Jein. Es stimmt, dass es sinnvoll wäre, die Grundsteuer zu erhöhen. Warum soll jemand, der ein Grundstück besitzt, das viel mehr wert ist, nur für einen kleinen Teil davon Steuern zahlen. Deswegen fordern nicht nur wir, sondern viele Städte, dass man sich dem Verkehrswert annähert. Der Bund hat das bei der Grunderwerbsteuer ja auch getan und sich damit Mehreinnahmen verschafft. Städte- und Gemeindebund haben ein gemeinsames Modell vorgelegt, das erlaubt, nach Rastern die Lage zu bewerten und so einen Schätzwert zu haben, der sich der Realität annähert. Das ist billiger und pragmatischer, als wenn jeder einzeln den Grund bewerten lassen muss.


Welche Summen kommen da auf die Eigentümer zu?

Nicht allzu große.


Und die Genossenschaften zahlen nichts?

Nicht nichts, aber sie sollen beim bestehenden Niveau bleiben. Der soziale Wohnbau wird mit Steuergeld finanziert, es hat wenig Sinn, das Geld bloß zu verschieben.


Zur Änderung bei der Grundsteuer brauchen Sie aber den Bund?

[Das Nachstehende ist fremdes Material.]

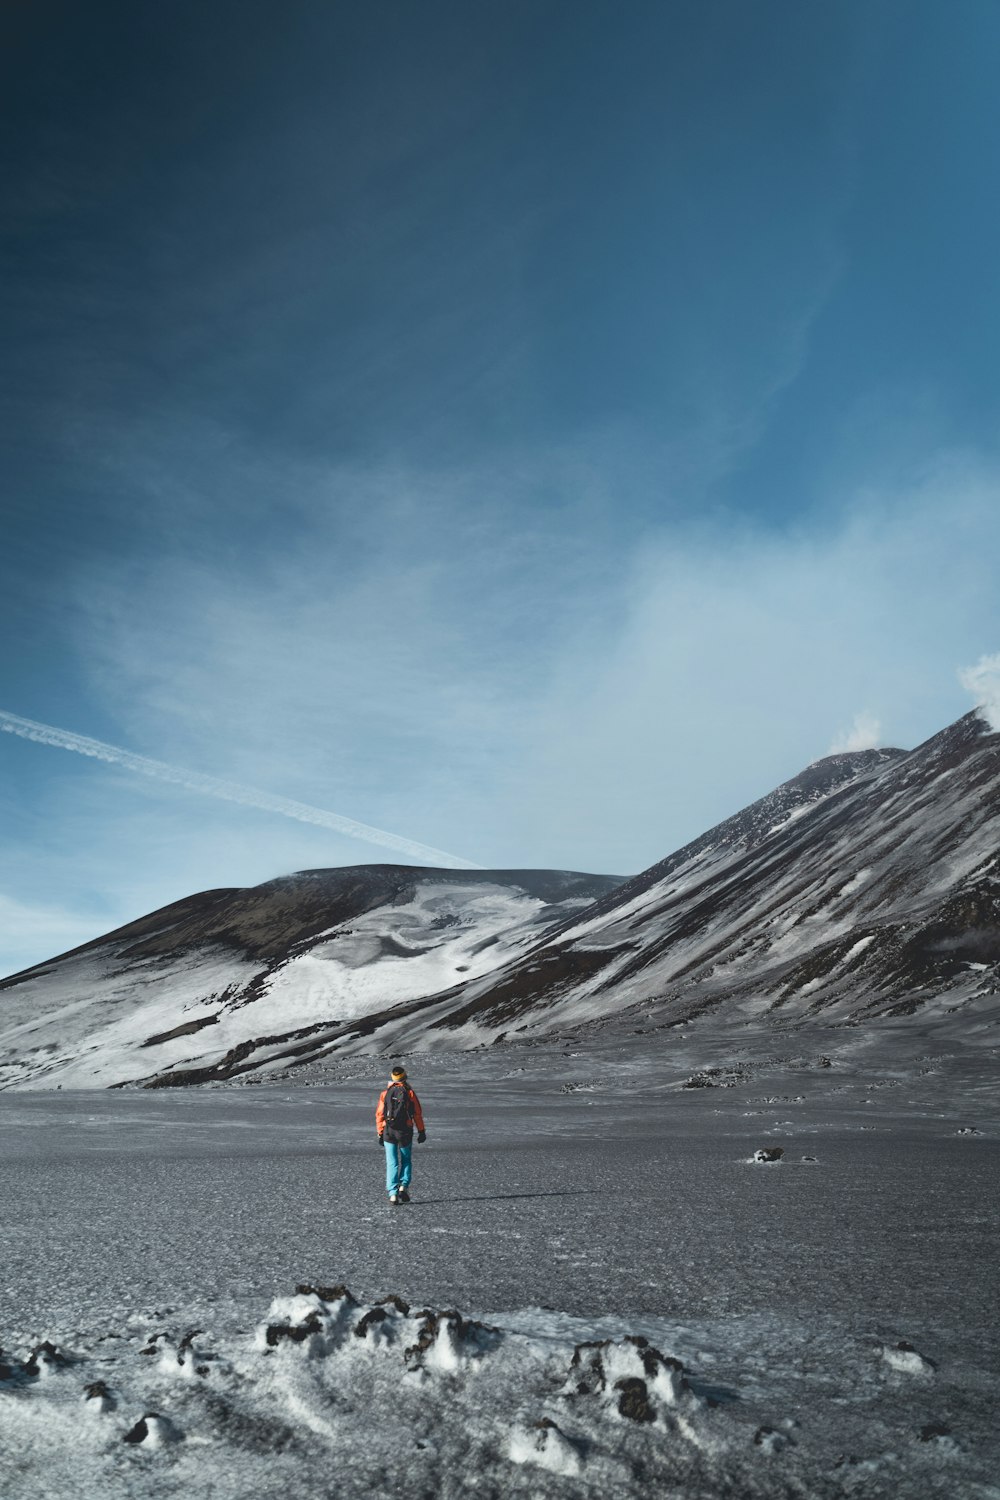 파란색 재킷과 파란색 데님 청바지를 입은 사람이 회색 산 근처 회색 모래 위에 서 있습니다.

Das ist richtig, daher werden wir im Zuge der Finanzausgleichsverhandlungen darüber reden, wie wir hier gemeinsam zu einer gerechteren Lösung kommen können.


Derzeit regelt der Bund die Grundsteuer. Will Wien das künftig selbst tun?

Ich bin keine Freundin der Länder-Steuerautonomie. Das bringt nur etwas bei Massensteuern, und dann aber ist es im Sinne einer Verwaltungsvereinfachung mäßig sinnvoll. Aber wir werden darüber reden.


Tut es Ihnen eigentlich leid, dass Sie nicht mehr Vizebürgermeisterin sind oder ist der Titel eh Makulatur?

Das ist er nicht, aber mein Selbstwertgefühl hängt nicht an Titeln. Ich sehe das emotionslos.